40 Change Makers: Teal Inzunza

This interview has been shortened and condensed for clarity.

Teal Inzunza knew AVP was the right place for her after receiving the call to create AVP’s Economic Empowerment Program (EEP). She’d been looking for a job that would allow her to work at the intersection of trauma and economic justice while also holding an anti-oppressive lens on LGBTQ, people of color, immigrants, and HIV-affected individuals at the forefront of the work.

Teal understands the intense economic impact of experiencing violence. Her work helps us understand that including economic justice in trauma work is a crucial part of supporting survivors in moving forward. At AVP, she says she witnessed the incredible capacity that individuals and communities have to heal and be resilient. 

Teal was responsible for creating and building AVP’s first ever Economic Empowerment Program in 2015, which supports LGBTQ and HIV-affected survivors in navigating the economic impact of violence. 

What moved/inspired you to work at AVP?

I felt very personally moved to work with the community AVP serves.

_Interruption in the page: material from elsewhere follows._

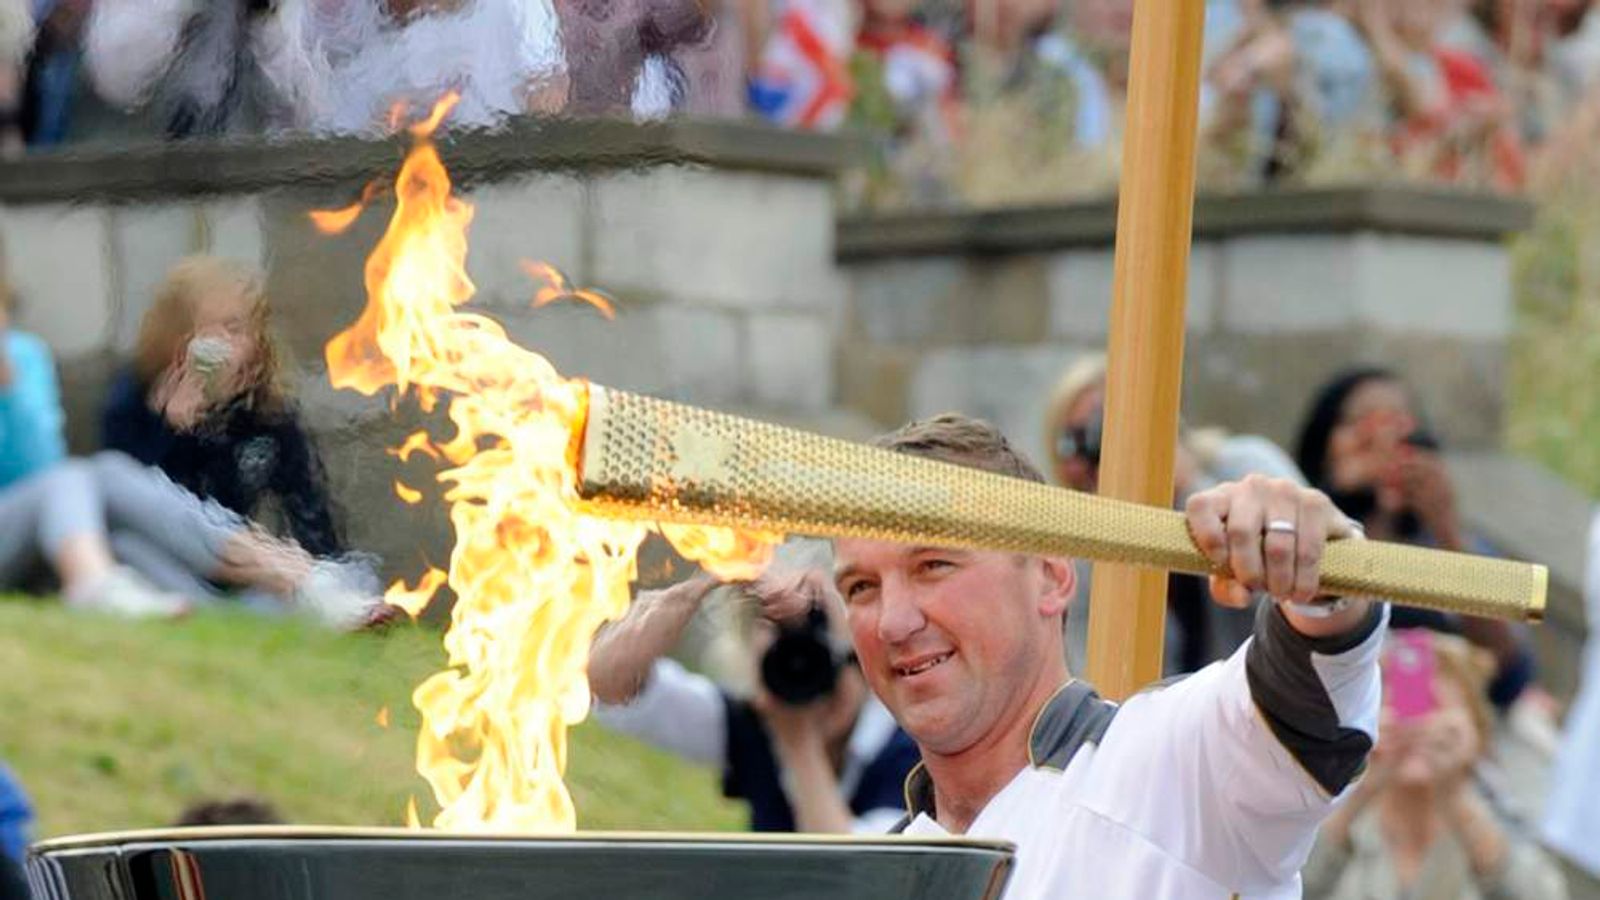 Олимпийский огонь современных игр зажигается. Зажжение олимпийского огня в Барселоне 1992. Факел олимпийского огня современных игр зажигается. Зажжение олимпийского огня в Афинах.

At the time, and still to this day, I felt that working with those most impacted by oppression is what I was meant to do.  If I wasn’t including LGBTQ & HIV-affected individuals in my activism work, then my work was incomplete. I was incredibly excited to bring economic justice work to life at AVP in an initiative that was brand new to the organization and, in many ways, to the city. 

For so many communities, especially for people of color, for women, for trans folks, finances aren’t something talked about in many of our households or taught to us at a young age due to, in a lot of ways, the impact of oppression that has played out intergenerationally. While most of our families learned how to make a dollar stretch better than anyone, things like credit scores and loans were things I didn’t fully understand until I got much older.  Unfortunately, this led me to making a lot of mistakes in my early adulthood because I just didn’t have that knowledge until it was too late. I feel really passionate that these are tools that we can use now in order to survive. The system is f***ed up, but if we at least have the knowledge, we can survive within that system for now and eventually, one day, change it completely. 

How has AVP’s work impacted you personally? 

At the base of economic justice work are truly basic human needs and dignity work.  It is difficult to fully heal from trauma if you are still without a home or still hungry.  This is something that I have learned in my own life and something that I have been lucky enough to work for in my career.  Working at AVP not only helped me better understand myself, but also helped shape me into the advocate I am today.  I was, and truly remain, in awe of the survivors that I have worked with at AVP and their ability to reclaim their lives, rebuild their lives, careers, homes, families and communities after devastating experiences of violence and to heal. Ultimately, working at AVP gave me hope that true healing is possible, even in the direst of circumstances. 

What’s the most important thing you’ve learned in your work?

I always considered myself an advocate, but being at AVP, I realized how much that was true. I ran the advocacy program and the economic empowerment program, and it really taught me how to disrupt space in a way that made people listen. So being able to push back on funders, or being able to push back on politicians that aren’t including queer and trans folks in their narratives, being able to be an advocate in whatever space I was in, I think that has been the most useful. I saw my bosses do that at AVP and over time I worked on honing that skill. And now I’m able to do that even in a space that’s not AVP.

How did you overcome your biggest obstacles in the work?

There’s so much shame involved with money and this is not a topic that we talk about openly in this country.  So many of my clients at AVP said to me, “If I didn’t talk to you about this, I don’t know who I would talk to about it.”  I think that really speaks to nature of how isolating issues around money can feel.  

One of the most important parts of healing is to try to reduce the shame and isolation people are feeling.  This is similar to the work we already do as counselors or therapists around the issue of shame for a myriad of different reasons, but often many have been made to feel shame around their gender identity or sexual orientation.  While shame around money is similar, this is probably one topic that most therapists and advocates are uncomfortable talking about. You don’t know how many times I tried to get counselors to ask one question about money and they’d say, “I can’t do it.”

As workers, we are also bringing our own feelings about money to the table, and it can be uncomfortable to talk about when we aren’t confident with our own knowledge.  

Why do you continue to do what you do?

Working towards a fair and just economy that creates a world where no one experiences poverty, homelessness, hunger, or exploitation is always going to be my goal.  In the meantime, I am deeply committed to ensuring that survivors have the resources that they need like safe homes, nourishing food, meaningful work, and the affordable mental healthcare needed.  AVP allowed me the opportunity to create the first Economic Empowerment Program at the organization.  In many ways, it gave me the space and the platform to create a program that, I believe, truly impacted survivor’s lives in a meaningful way.  This work led to my growth as an advocate for economic justice and is always present in the work I do to this day.  It helped me become a leader and a visionary while centering those most impacted by oppression and violence.  I am incredibly grateful for the opportunity to build the Economic Empowerment Program at AVP and to have supported the centering of economic justice in the organization.